These advances enable robust estimation of approximation errors in numerical integration, with quantifiable dependence on the variation and regularity of the functions involved.

4. Existence, Convergence, and Change of Variables

General existence criteria unify classical and modern approaches:

• Truncated variation theorem: If the series $$S = \sum_k [2^k n_{k-1} TV^{\theta_k}(g) + 2^k \theta_k TV^{n_k}(f)]$$ is finite, $\int_a^b f\,dg$ exists and $| \int f\,dg - f(a)[g(b) - g(a)]| < S$ (Łochowski, 2014).
• Bounded convergence theorem: For regulated sequences in Banach spaces converging pointwise and bounded, integration commutes with the limit (Monteiro et al., 2014).
• Change of variable/substitution: If $f$ is integrable w.r.t. $Y$ on $\varphi([a, b])$, $$\int_{\varphi(a)}^{\varphi(b)} f(y)\,dY(y) = \int_a^b f(\varphi(x))\,d(Y \circ \varphi)(x)$$ even if $\varphi$ is non-invertible or monotone (Torchinsky, 2019).

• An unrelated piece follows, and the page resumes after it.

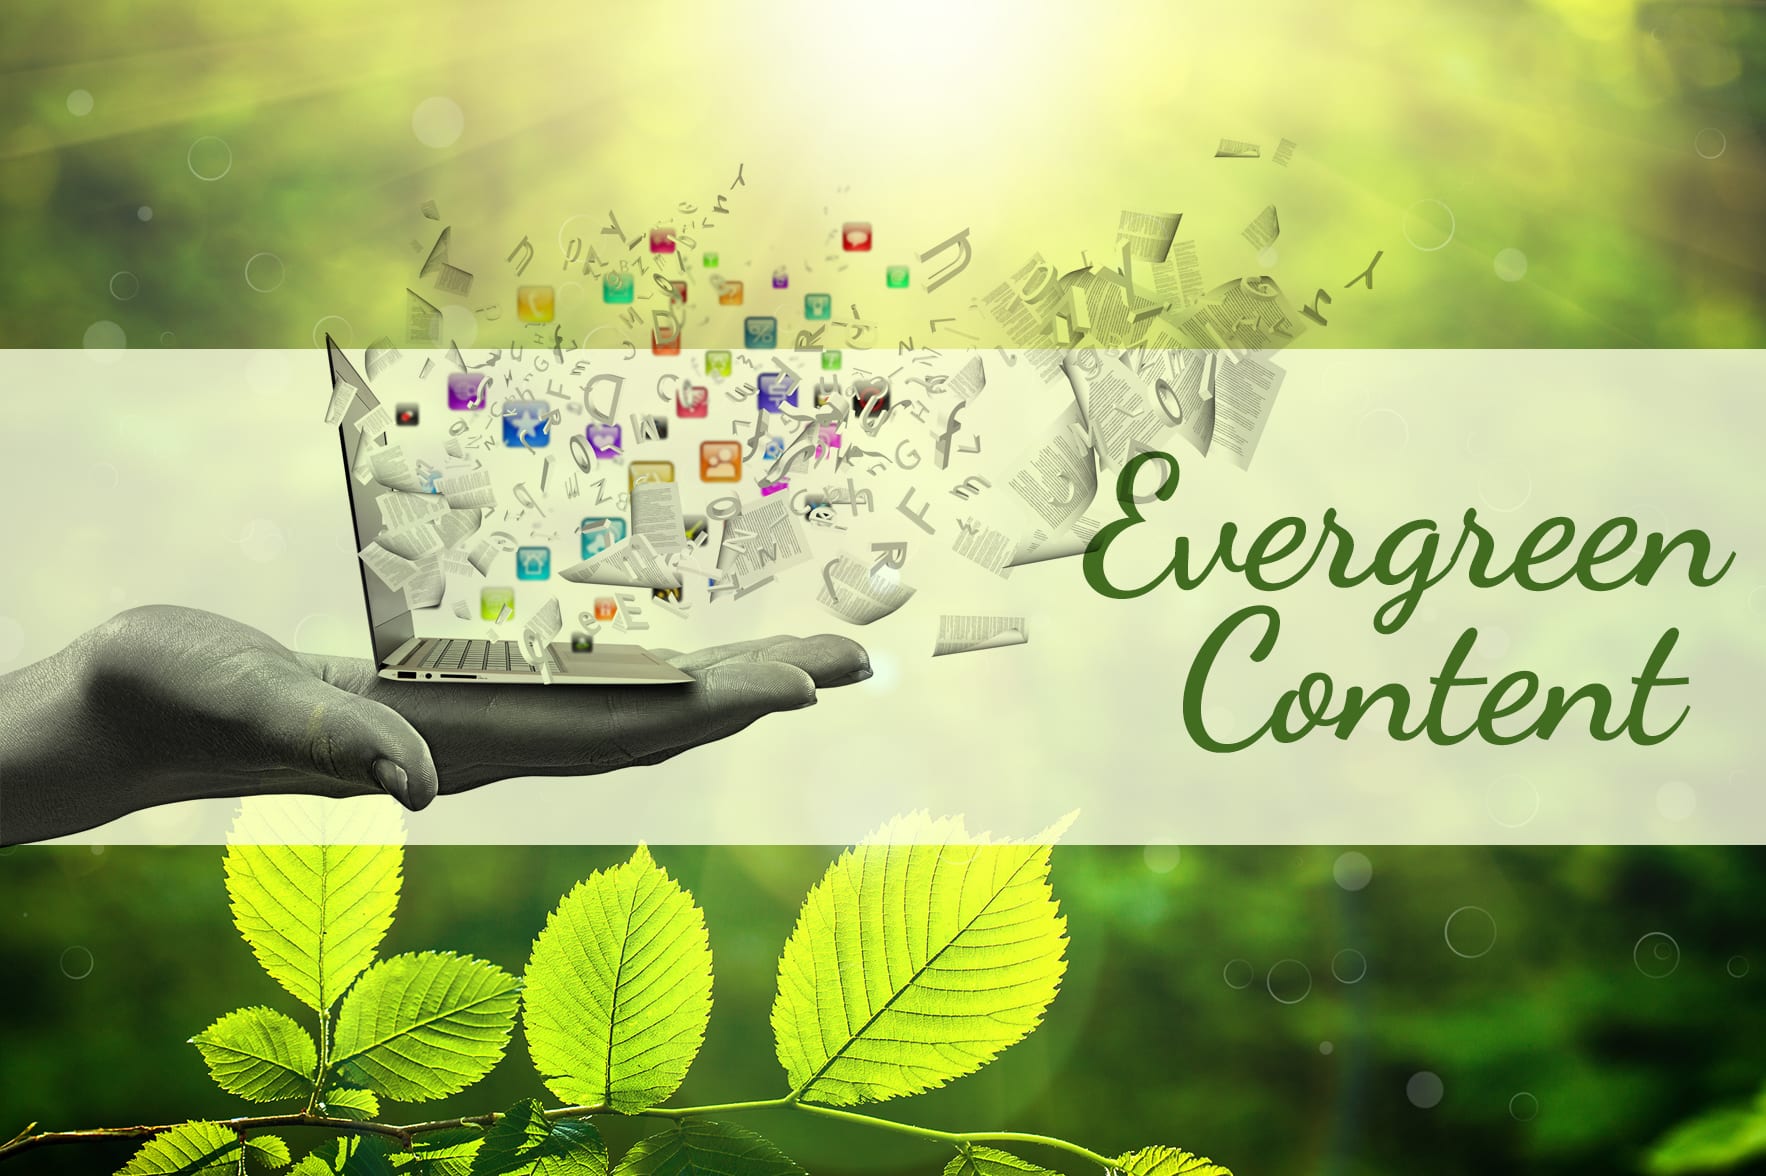 Evergreen content là gì? Mẹo tối ưu Evergreen conten hiệu quả nhất cho website

This significantly broadens the class of admissible integrators and integrands, including functions with discontinuities or highly irregular paths, and enables integration in measure-theoretic or more algebraic settings.

5. Applications: Stochastic Integration, Fractional Processes, PDEs, and Physical Modeling

• Fractional Brownian motion: Sufficient conditions for existence of $\int_a^b Y\,dX$ are given in terms of two-parameter control functions, circumventing restrictions due to unbounded $p$-variation (e.g., for indicator functions composed with fBm) (Yaskov, 2015).
• Stochastic integration: Pathwise Stieltjes integrals are well-defined for discontinuously evaluated processes, where the evaluation function $f$ may have locally infinite variation and the driving process $X$ is sufficiently "variable" in the sense of density bounds; fractional calculus approaches (Zähle–Stieltjes integral) yield convergence rates for numerical approximations (Chen et al., 2016).
• Sustainability modeling: In global sustainability indices, Riemann–Stieltjes integrals are used to weight multivariate factors via associated weight functions, tightly coupling the PDE solutions with variable-specific importance, allowing precise and adaptable quantitative indices (e.g. in civil engineering for pavement design) (Rao et al., 2021).
• Signal processing and physics: Modified Riemann sums, where each partition interval is locally shrunk, still converge to the classical integral, validating practical integration schemes in experimental setups or amplitude-modulated signal reconstruction (Torchinsky, 2019).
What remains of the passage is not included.